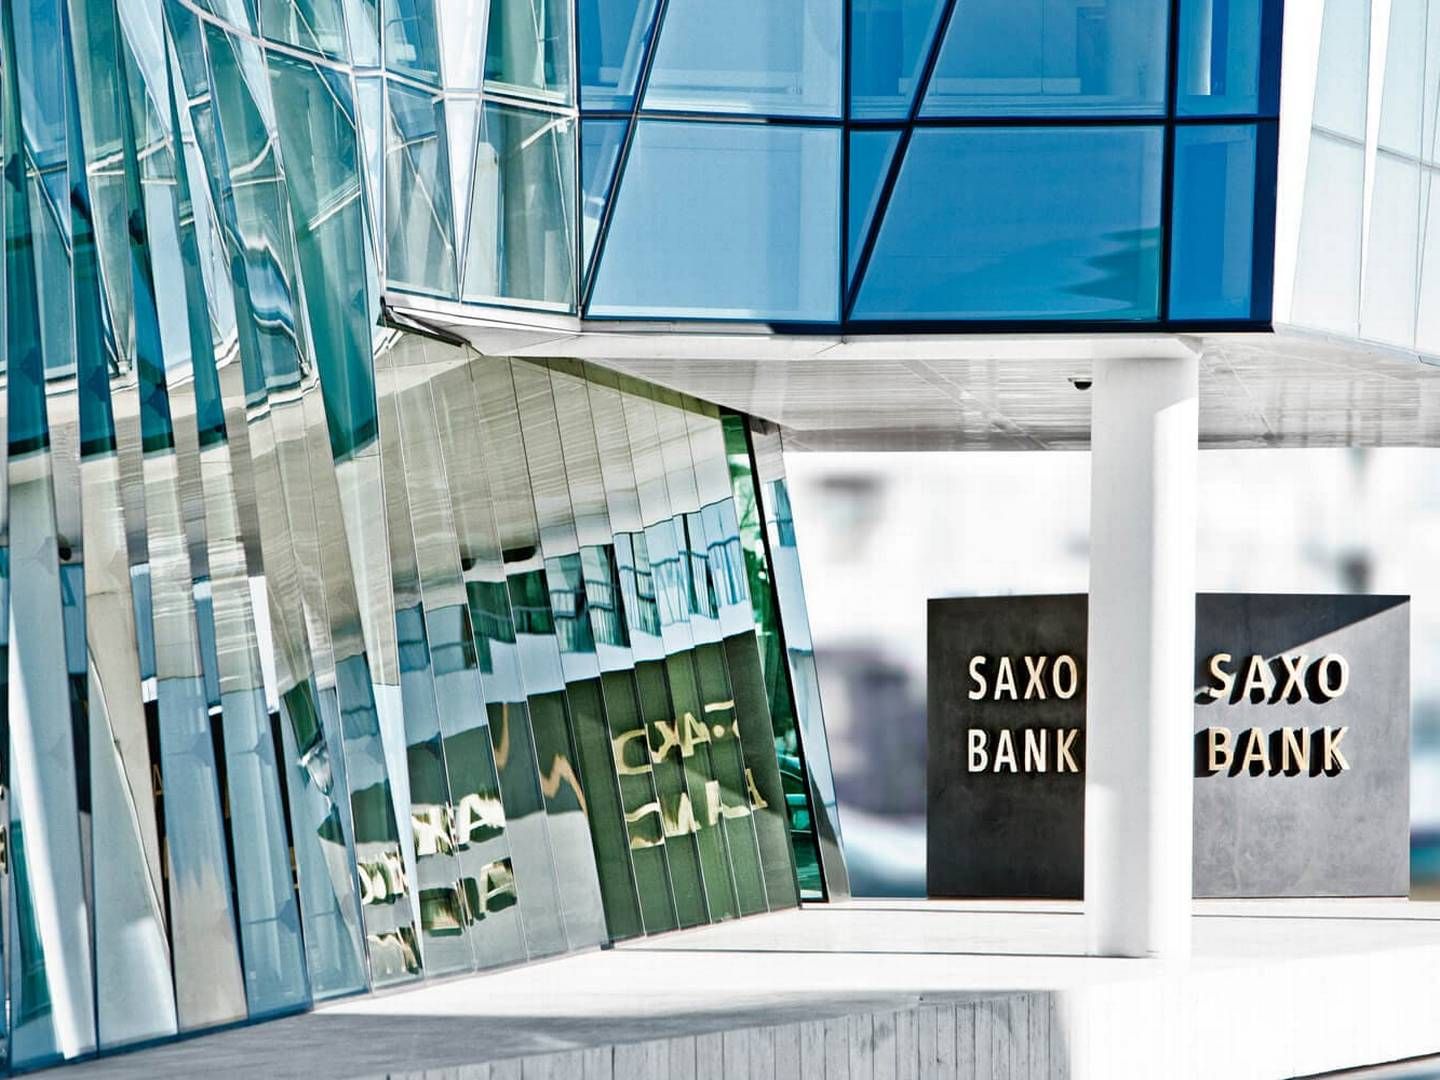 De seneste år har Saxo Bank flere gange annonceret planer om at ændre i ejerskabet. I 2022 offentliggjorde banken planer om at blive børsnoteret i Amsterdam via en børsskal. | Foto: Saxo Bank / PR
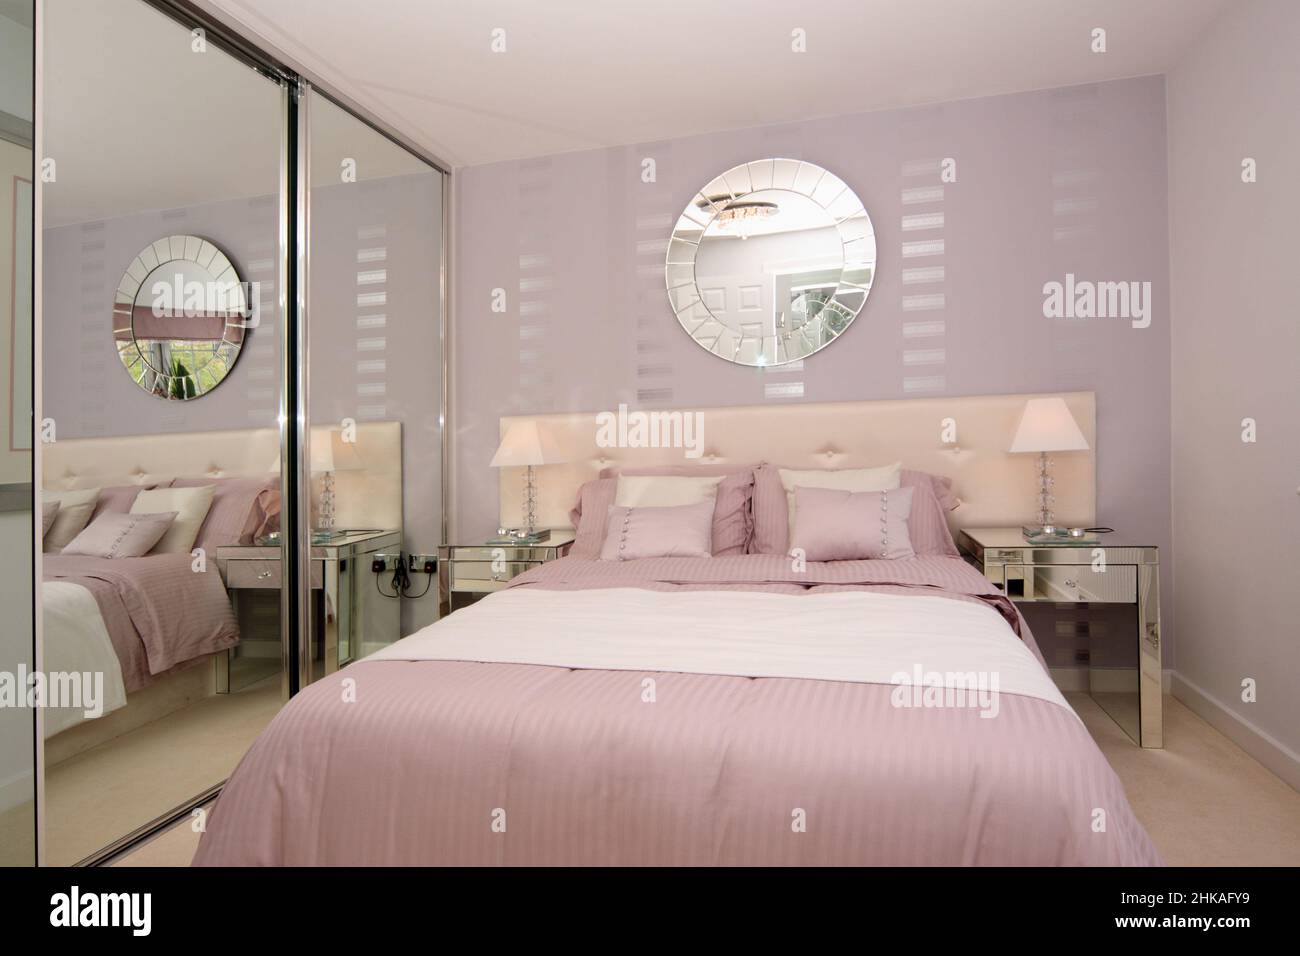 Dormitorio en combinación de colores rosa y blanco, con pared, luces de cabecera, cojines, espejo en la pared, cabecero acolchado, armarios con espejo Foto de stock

...

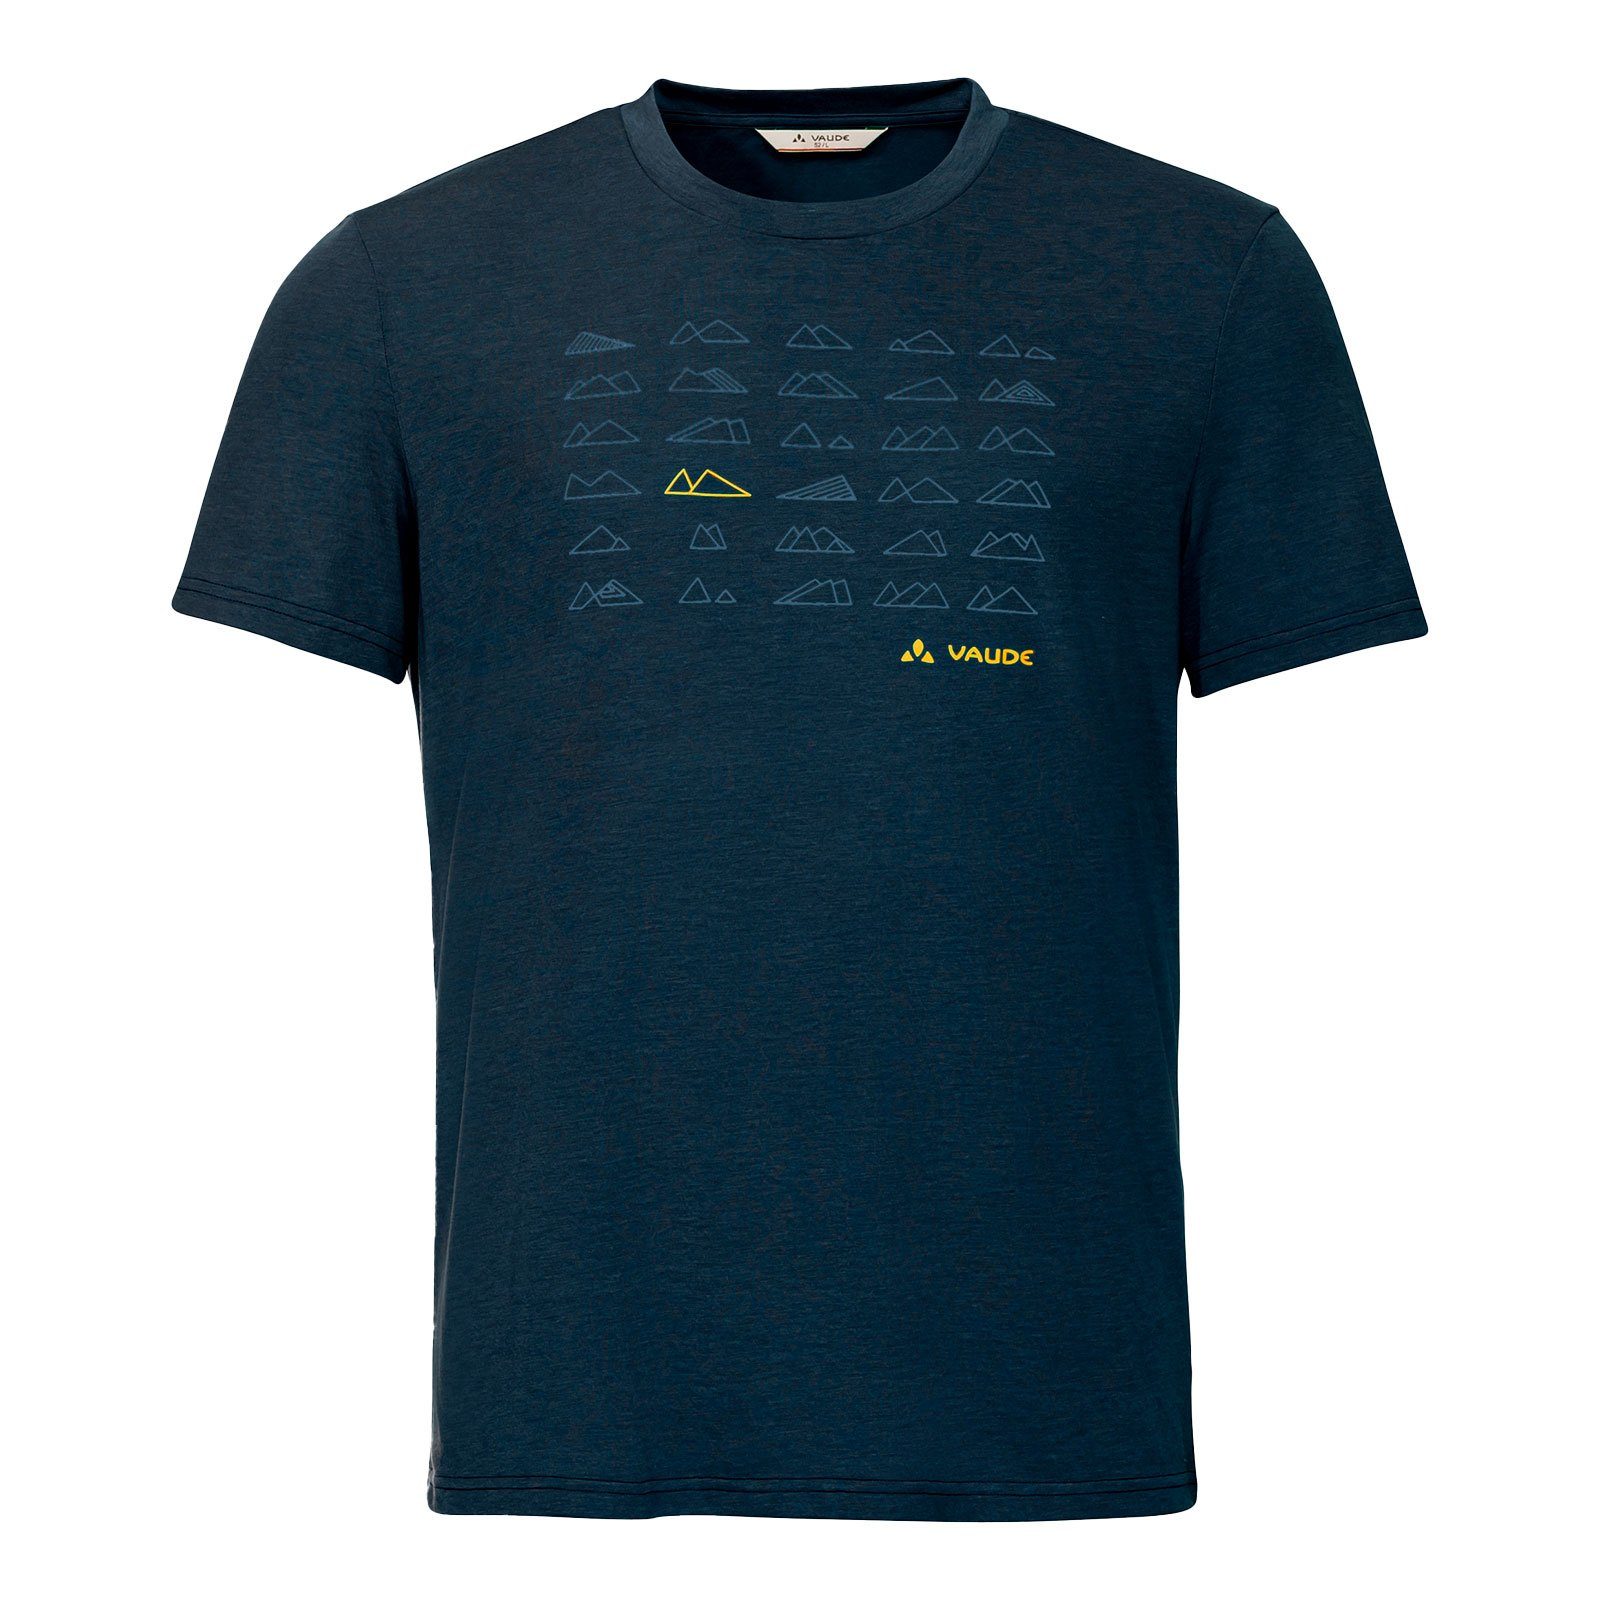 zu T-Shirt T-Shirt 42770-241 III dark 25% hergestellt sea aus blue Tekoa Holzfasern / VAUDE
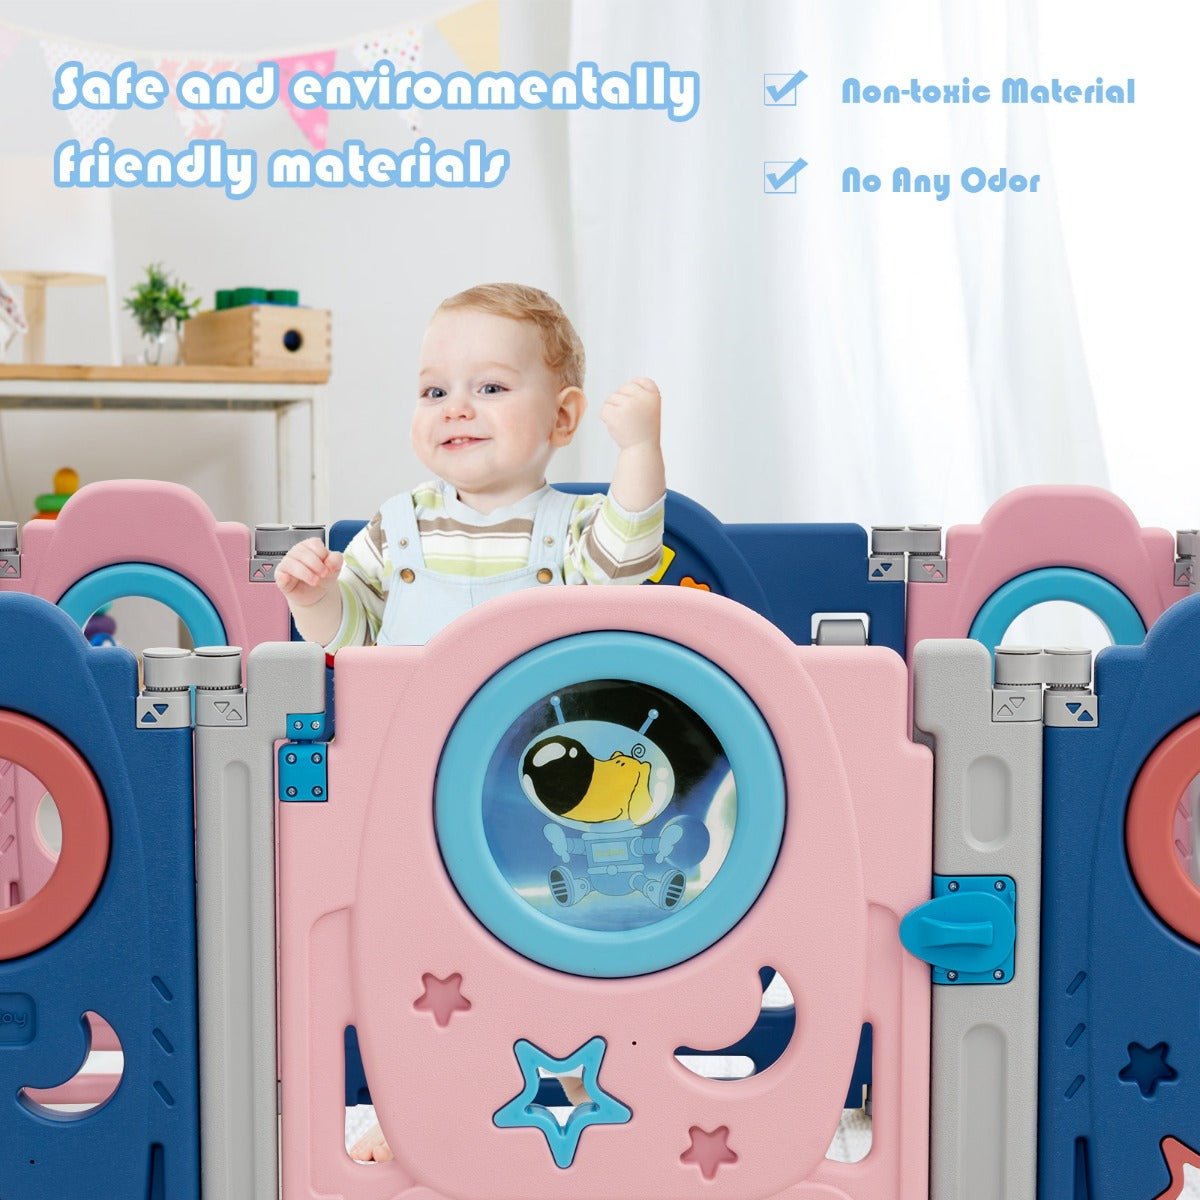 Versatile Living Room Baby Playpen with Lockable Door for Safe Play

### [Required work]
Skipping every picture, transcribe exactly the lines above from the one containing "De seneste år" through the one containing "Dormitorio en combinación", both included.

### [Answer to this problem]
 De seneste år har Saxo Bank flere gange annonceret planer om at ændre i ejerskabet. I 2022 offentliggjorde banken planer om at blive børsnoteret i Amsterdam via en børsskal. | Foto: Saxo Bank / PR
 Dormitorio en combinación de colores rosa y blanco, con pared, luces de cabecera, cojines, espejo en la pared, cabecero acolchado, armarios con espejo Foto de stock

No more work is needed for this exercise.